Eos se reveló al equipo en los datos recogidos por un espectrógrafo del ultravioleta lejano llamado FIMS-SPEAR (acrónimo de fluorescent imaging spectrograph, espectrógrafo de imágenes fluorescentes) que funcionaba como instrumento en el satélite coreano STSAT-1. Un espectrógrafo del ultravioleta lejano descompone la luz emitida por un material en las longitudes de onda que la componen, igual que hace un prisma con la luz visible, creando un espectro que los científicos pueden analizar.

Los hallazgos ponen de relieve la importancia de las técnicas de observación innovadoras para avanzar en la comprensión del cosmos. En Eos predomina el gas hidrógeno molecular, pero en su mayor parte es «oscuro en CO», lo que significa que no contiene gran cantidad de este material y no emite la firma característica detectada por los métodos convencionales. "Normalmente se supone que el CO es un indicador de la presencia de gas molecular. Pero no siempre es así", afirma Andersson. La escasez de CO en Eos explica cómo ha eludido ser identificada durante tanto tiempo.

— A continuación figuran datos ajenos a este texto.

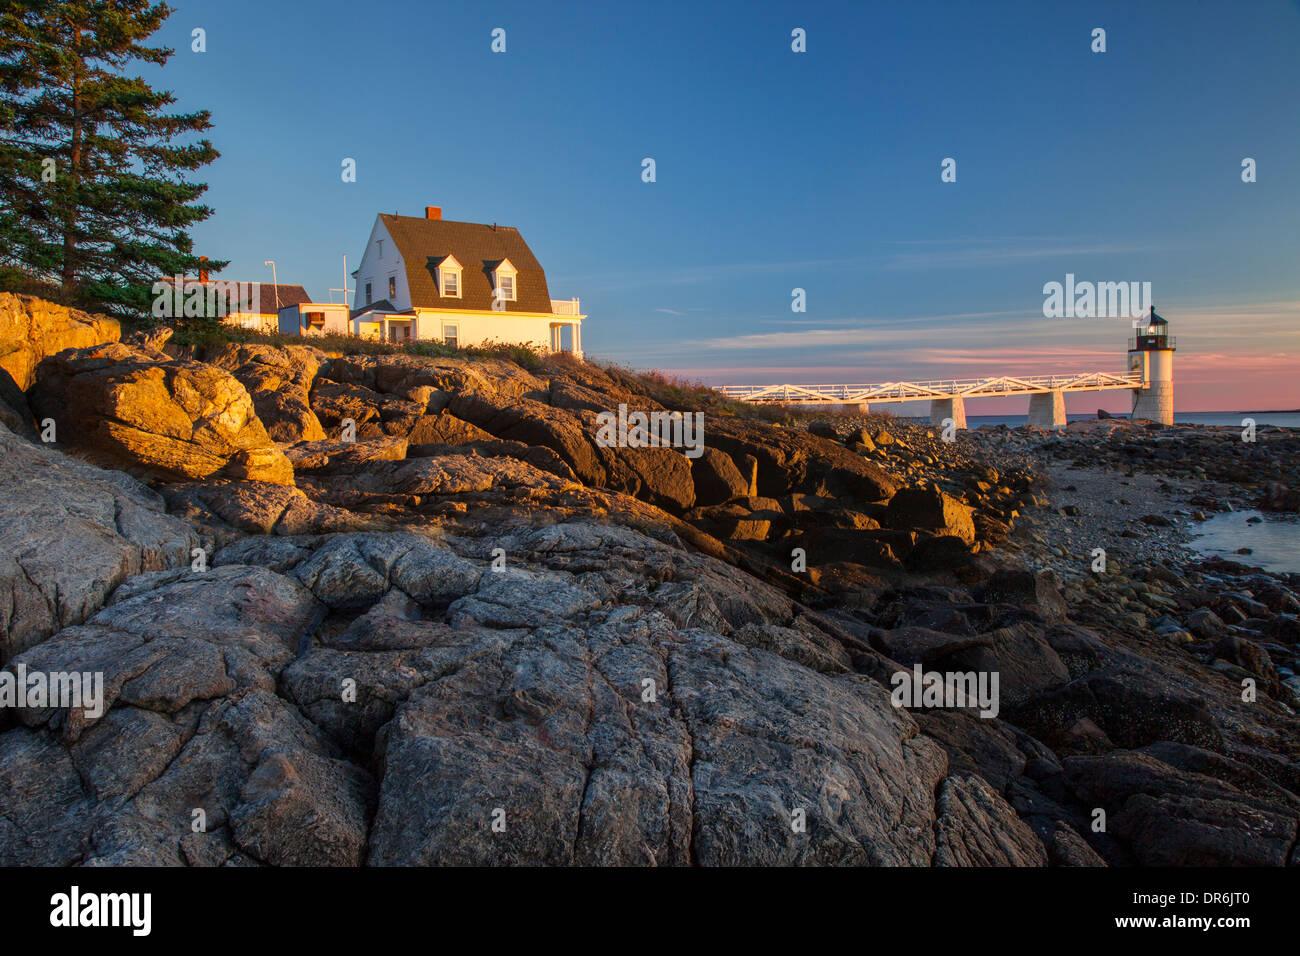 Sunset over Marshall Point Lighthouse near Port Clyde, Maine, USA - Stock Image
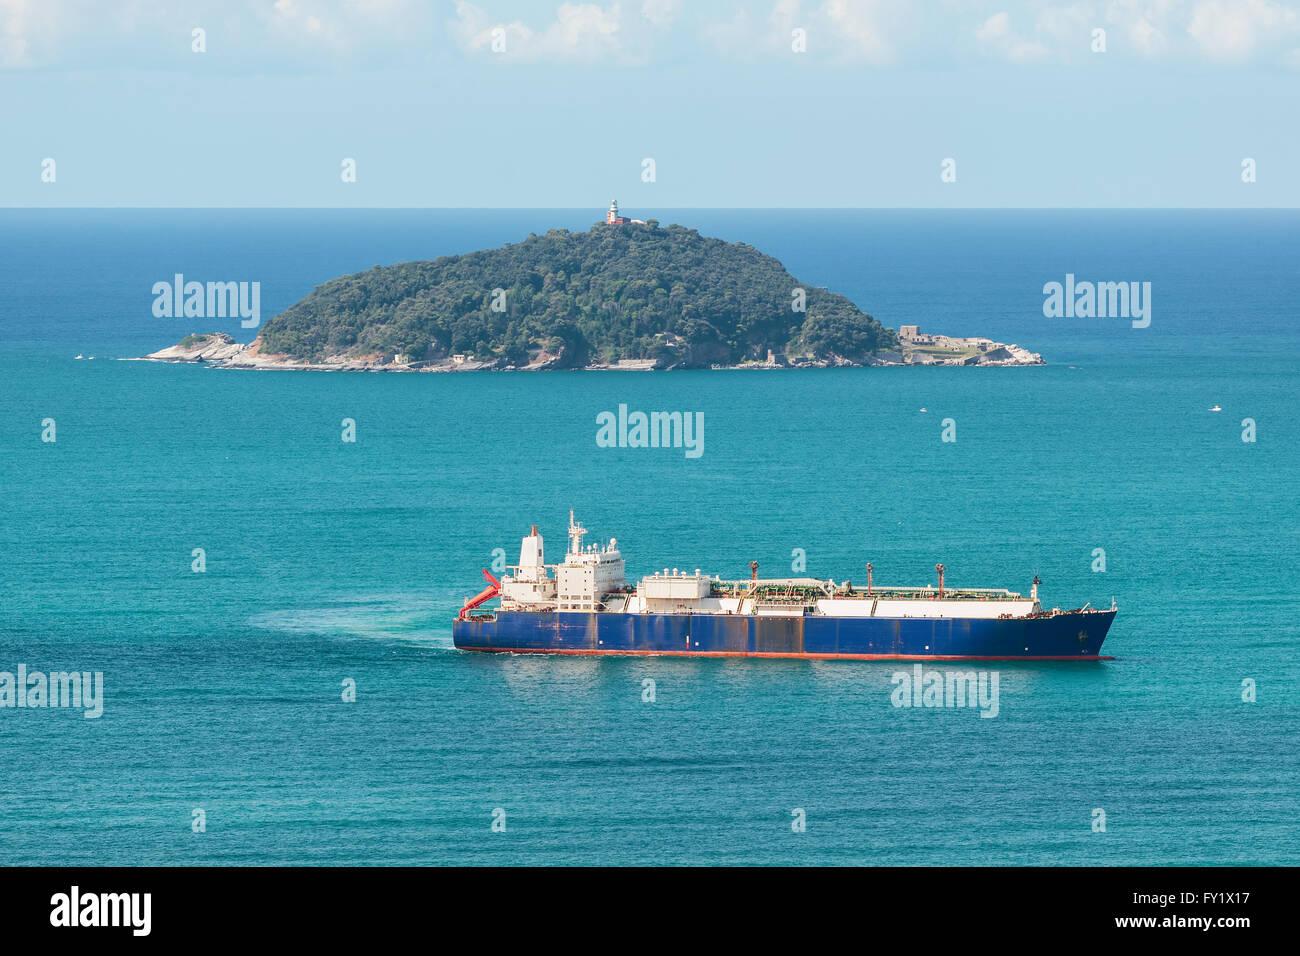 tanker ship sailing in the sea near an island - Stock Image

"El uso de la técnica de emisión de fluorescencia en el ultravioleta lejano podría reescribir nuestra comprensión del medio interestelar", afirma Thavisha Dharmawardena, becario Hubble de la NASA en la Universidad de Nueva York y primer autor compartido del estudio. "[Podría descubrir] nubes ocultas por toda la galaxia e incluso hasta los límites más lejanos detectables del amanecer cósmico".
Otros miembros del equipo científico son investigadores del Technion-Israel Institute of Technology, Haifa, Israel; Queen Mary University of London; University of Iowa, Iowa City, Iowa; Korea Astronomy and Space Science Institute, University of Science and Technology, y Korea Advanced Institute of Science and Technology, todos ellos de Daejeon, Corea del Sur; Max Planck Institute for Astronomy, Heidelberg, Alemania; University of Arizona, Tucson, Ariz. Universidad de California, Berkeley; Université Paris Cité, Gif-sur-Yvette, Francia; Space Telescope Science Institute y Johns Hopkins University, Baltimore; University of British Columbia, Vancouver, Canadá; Columbia University, Nueva York; y Harvard-Smithsonian Center for Astrophysics, Cambridge, Mass.